If the Supreme Court overturns the McCain-Feingold restrictions on unlimited political advertising by corporations, unions, and other group speakers, there would an array of interesting implications, some of which include:
–The unintended consequences of group speakers who go against the those who brought them to the dance. Corporations, in particular, are loyal to no political party. They could turn on Republicans and conservatives as fast as they’ve turned against liberals while covertly supporting Democratic corporate Clintonistas, or as fast as they’ve turned against blather mouth Glen Beck.
–If group speakers are required to identify themselves in their advertising (as in “this piece of biased balderdash is brought to you by Slick Oil), then voters can make their own assessment of credibility. If groups speakers are allow to hide their identity and create infomercials that purport to be the truth, then confusion and misinformation will utterly corrupt elections in America. Many of us already suspect our election system is rigged.
–If restrictions on group speakers funding political ads is lifted then local businesses, local groups, local unions, local associations of all kinds could also fund ad campaigns for or against specific candidates. An advertising campaign is much more potent than a mere endorsement.
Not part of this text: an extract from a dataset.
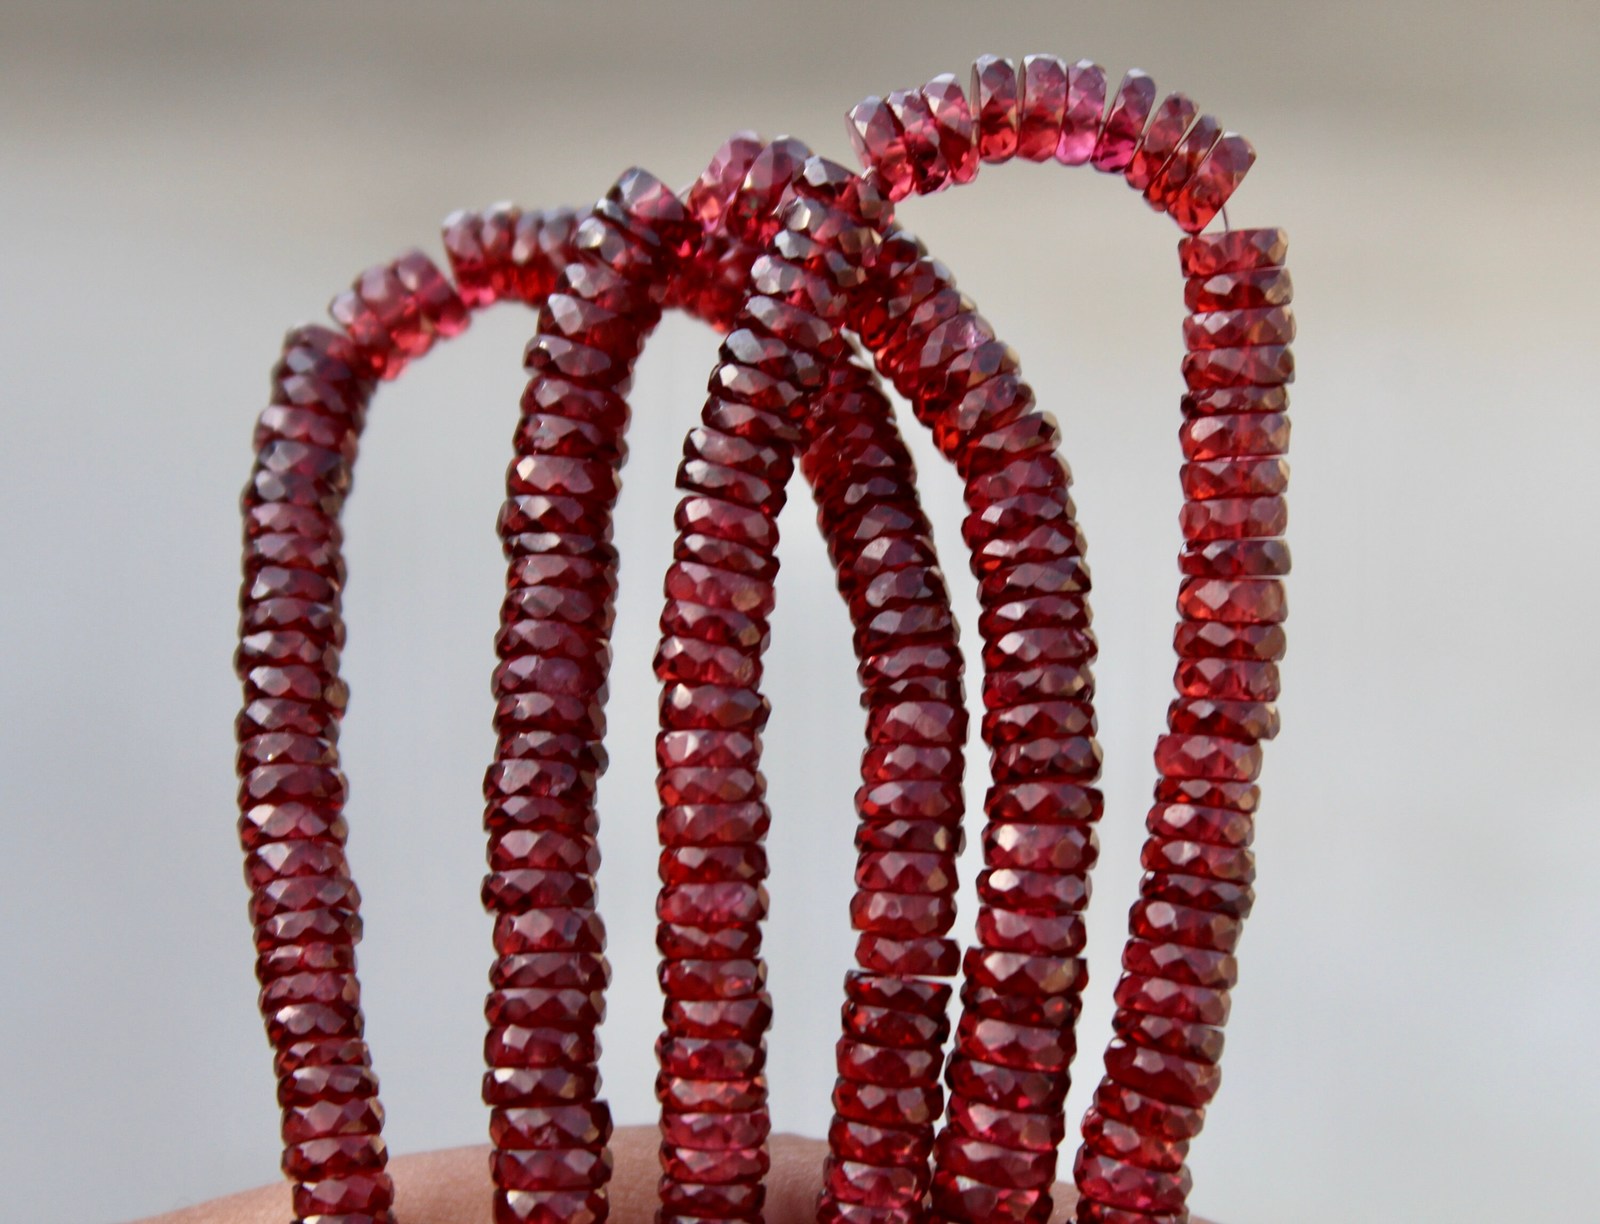 Natural 8 inches of faceted garnet heishi coin gemstone 5 mm approx..... wholesa - $62.99

But endorsements keep voters away from candidates as much as they draw them in. And a vicious ad campaign can backfire.
–If the Supreme Court abandons all campaign finance restrictions without requiring that sponsors take credit for the ads, then the often savage recklessness that anonymity breeds among those who comment on the Internet will descend upon local, as well as national, politics, and infect it with the brutal drivel that people spew when they are not held accountable for what they say.
Only individuals and groups who identify themselves have a chance at being credible. That’s why the murky anonymity of the backers of Citizens United casts a pall on the validity on the Hillary suit itself. Why did the Supreme Court choose this particular case to reexamine campaign advertising restrictions in general? Has the court’s conservative majority been corrupted by invisible corporate forces?